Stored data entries
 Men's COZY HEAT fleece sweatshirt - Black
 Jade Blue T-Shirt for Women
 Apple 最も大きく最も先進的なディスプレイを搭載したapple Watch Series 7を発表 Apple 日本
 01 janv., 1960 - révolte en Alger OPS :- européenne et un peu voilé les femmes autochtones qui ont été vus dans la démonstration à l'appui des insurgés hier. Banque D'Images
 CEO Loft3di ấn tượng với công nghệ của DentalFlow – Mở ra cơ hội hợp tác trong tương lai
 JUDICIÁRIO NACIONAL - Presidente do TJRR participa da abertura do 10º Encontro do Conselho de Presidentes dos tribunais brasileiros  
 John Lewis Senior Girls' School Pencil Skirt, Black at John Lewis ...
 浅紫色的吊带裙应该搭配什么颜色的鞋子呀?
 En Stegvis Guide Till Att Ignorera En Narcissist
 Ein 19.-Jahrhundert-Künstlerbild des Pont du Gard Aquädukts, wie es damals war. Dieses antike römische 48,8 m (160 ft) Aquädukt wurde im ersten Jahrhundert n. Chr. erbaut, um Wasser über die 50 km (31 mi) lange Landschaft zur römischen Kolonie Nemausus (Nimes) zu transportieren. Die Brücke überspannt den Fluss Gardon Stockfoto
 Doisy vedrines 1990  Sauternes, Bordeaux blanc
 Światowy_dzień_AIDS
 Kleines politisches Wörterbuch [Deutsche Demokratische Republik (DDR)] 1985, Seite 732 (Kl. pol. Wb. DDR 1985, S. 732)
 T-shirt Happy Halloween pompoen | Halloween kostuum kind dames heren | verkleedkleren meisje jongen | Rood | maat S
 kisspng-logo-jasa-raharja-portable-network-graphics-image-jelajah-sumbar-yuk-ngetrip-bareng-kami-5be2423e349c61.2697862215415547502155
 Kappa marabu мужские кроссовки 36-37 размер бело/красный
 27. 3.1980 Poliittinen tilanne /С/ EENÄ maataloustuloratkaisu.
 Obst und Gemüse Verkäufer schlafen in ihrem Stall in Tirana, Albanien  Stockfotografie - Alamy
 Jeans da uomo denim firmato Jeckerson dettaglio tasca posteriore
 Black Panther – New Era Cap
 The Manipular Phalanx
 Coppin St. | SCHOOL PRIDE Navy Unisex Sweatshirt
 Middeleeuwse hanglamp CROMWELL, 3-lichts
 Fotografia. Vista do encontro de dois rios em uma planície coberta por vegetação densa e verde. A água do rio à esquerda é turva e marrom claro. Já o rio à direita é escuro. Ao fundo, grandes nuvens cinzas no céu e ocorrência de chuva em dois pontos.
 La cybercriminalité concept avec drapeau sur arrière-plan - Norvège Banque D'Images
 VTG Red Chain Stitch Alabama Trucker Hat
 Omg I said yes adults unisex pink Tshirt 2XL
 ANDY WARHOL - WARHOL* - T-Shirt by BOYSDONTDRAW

> **YOUR GOAL**
Search the data above for the string "Images" and return every line that has it.

> **ANSWER SECTION**
 01 janv., 1960 - révolte en Alger OPS :- européenne et un peu voilé les femmes autochtones qui ont été vus dans la démonstration à l'appui des insurgés hier. Banque D'Images
 La cybercriminalité concept avec drapeau sur arrière-plan - Norvège Banque D'Images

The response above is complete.